Orchestrator stuck on application error during job creation on north-europe.azure.keboola.com

2024-10-14 16:30 UTC  We are observing a small number of instances where errors occur during job creation, and you may encounter the error message: “Decryption failed: Deciphering failed.” As a result, orchestrations may become stuck in the terminate state. If you experience this issue, please contact our support team.

We are actively investigating the situation and will provide an update later this evening.

2024-10-14 21:40 UTC We have successfully identified the affected orchestrations and deployed a fix that automatically terminates them. We now consider this incident resolved. We sincerely apologize once again for the inconvenience caused.

Errors in the AWS EU Stack

We are experiencing problems on our AWS EU stack (https://connection.eu-central-1.keboola.com/). We are deeply sorry for the inconvenience this may cause. In the user interface, you can issue an error alert or task slowdown processing jobs. Next update 30 minut.

Sep 26 08:34 UTC: We identified and fixed an overload on one of our Kubernetes node. All systems are now running normally. We’ve implemented measures to prevent recurrence.

Thank you for your patience.

FTP and S3 extractors potential primary key modifications

2024-09-23 13:48 UTC - We are currently investigating potential modifications to the primary key for the FTP and S3 extractors that  occurred around September 13th, 2024. The issue has already been reverted, and we are conducting an analysis. We will provide more information as soon as we have further details.

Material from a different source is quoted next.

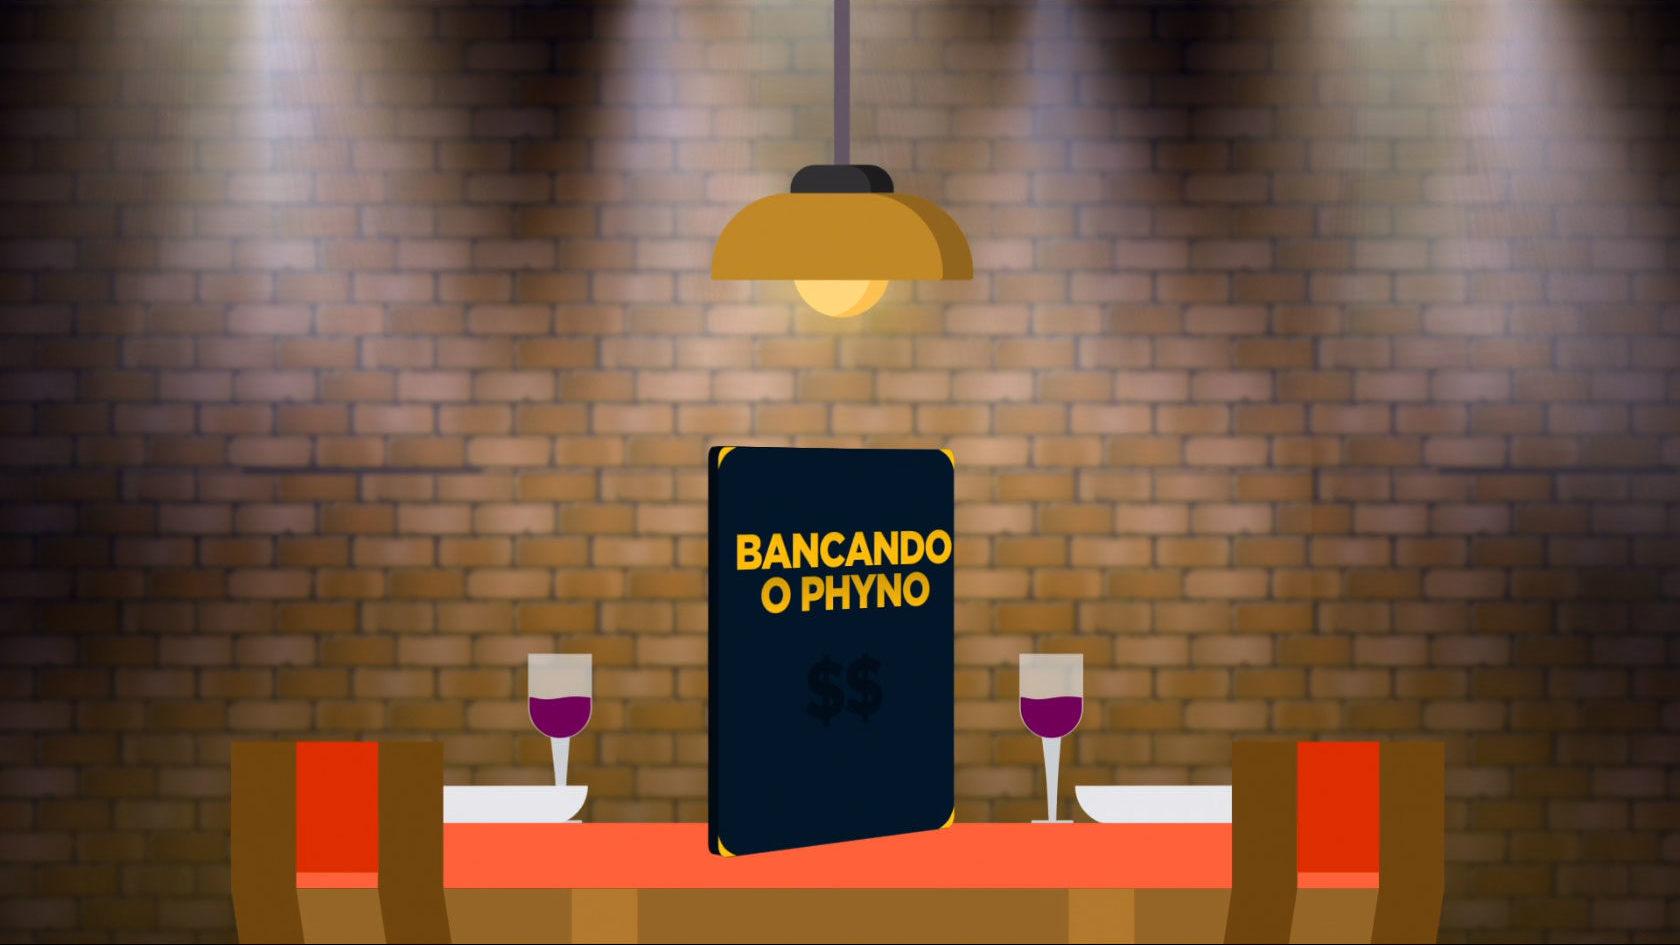 Bancando o Phyno - Canal dos Caçadores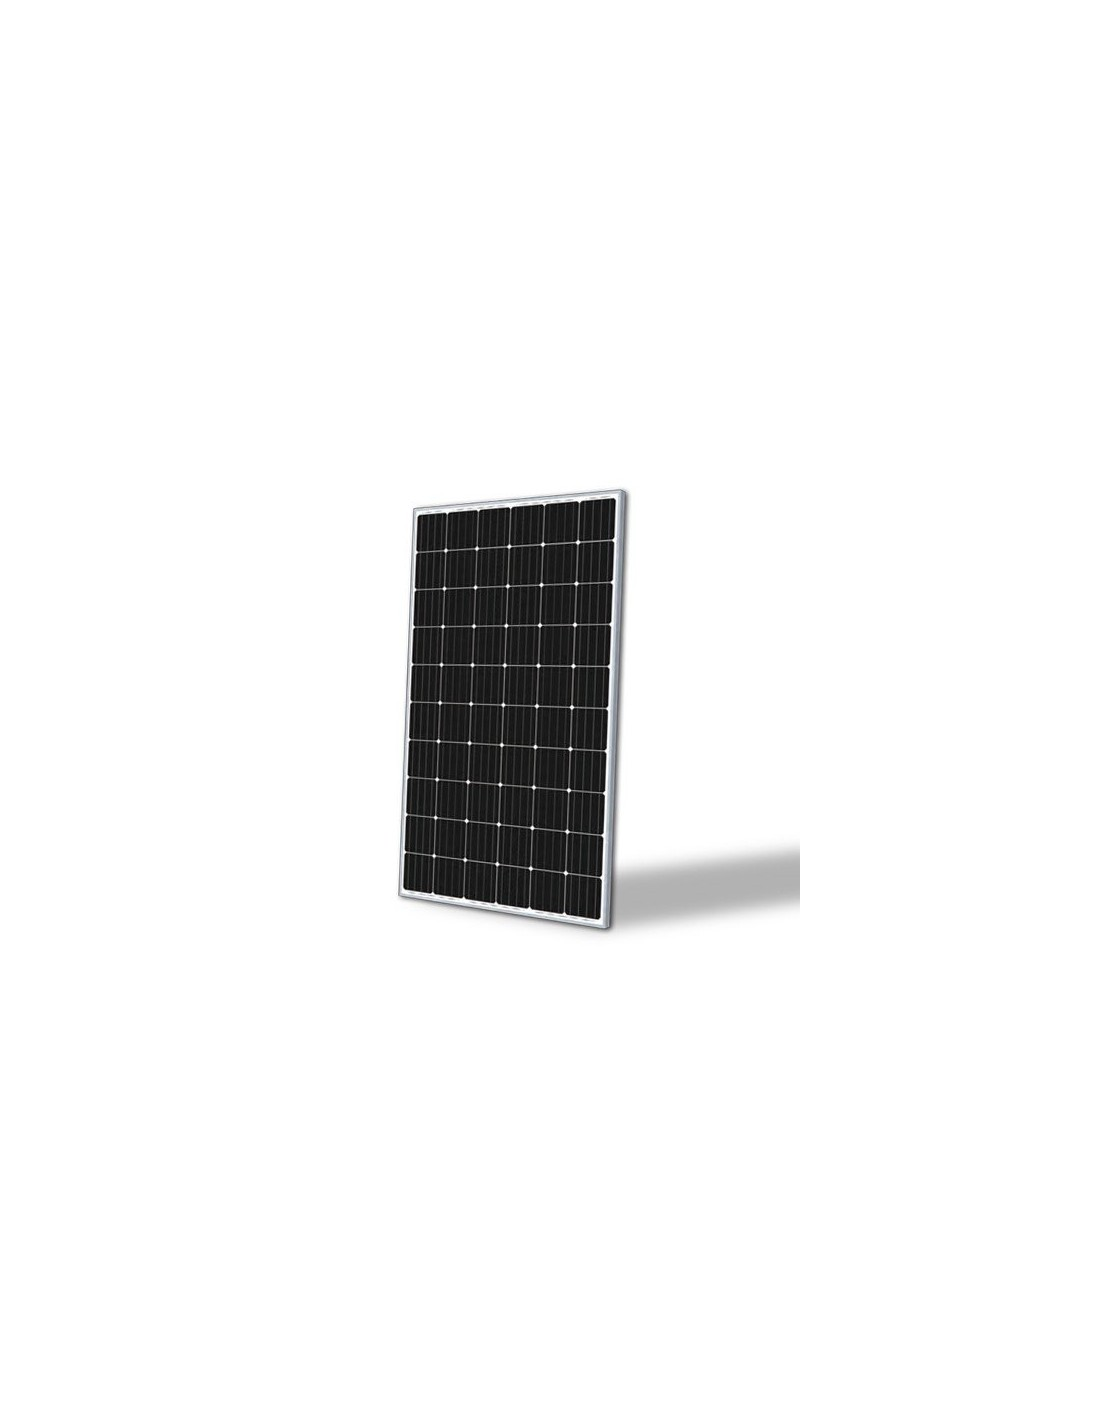 Pannello Solare Da Casa : Pannello solare fotovoltaico w v monocristallino casa

UPDATE 2024-09-23 16:36 UTC - Our analysis confirms that no projects on single-tenant stacks were affected by the issue. We are continuing with the analysis of multi-tenant stack projects and will provide more information as soon as we have further details.

UPDATE 2024-09-25 9:30 UTC - Our analysis has been completed, and we now have a list of affected configurations. The issue with potential primary key modifications may have impacted not only FTP and S3 extractors but also other components using the Processor Create Manifest. We would like to highlight that not all configurations with this processor were affected.

In cases where a configuration experienced a primary key modification, the key was automatically restored after the next run. However, a small number of configurations did not revert to their original primary key due to duplicate records in the table.

These cases are limited, and the clients affected by this issue will be contacted individually by our support team today with further steps and recommendations.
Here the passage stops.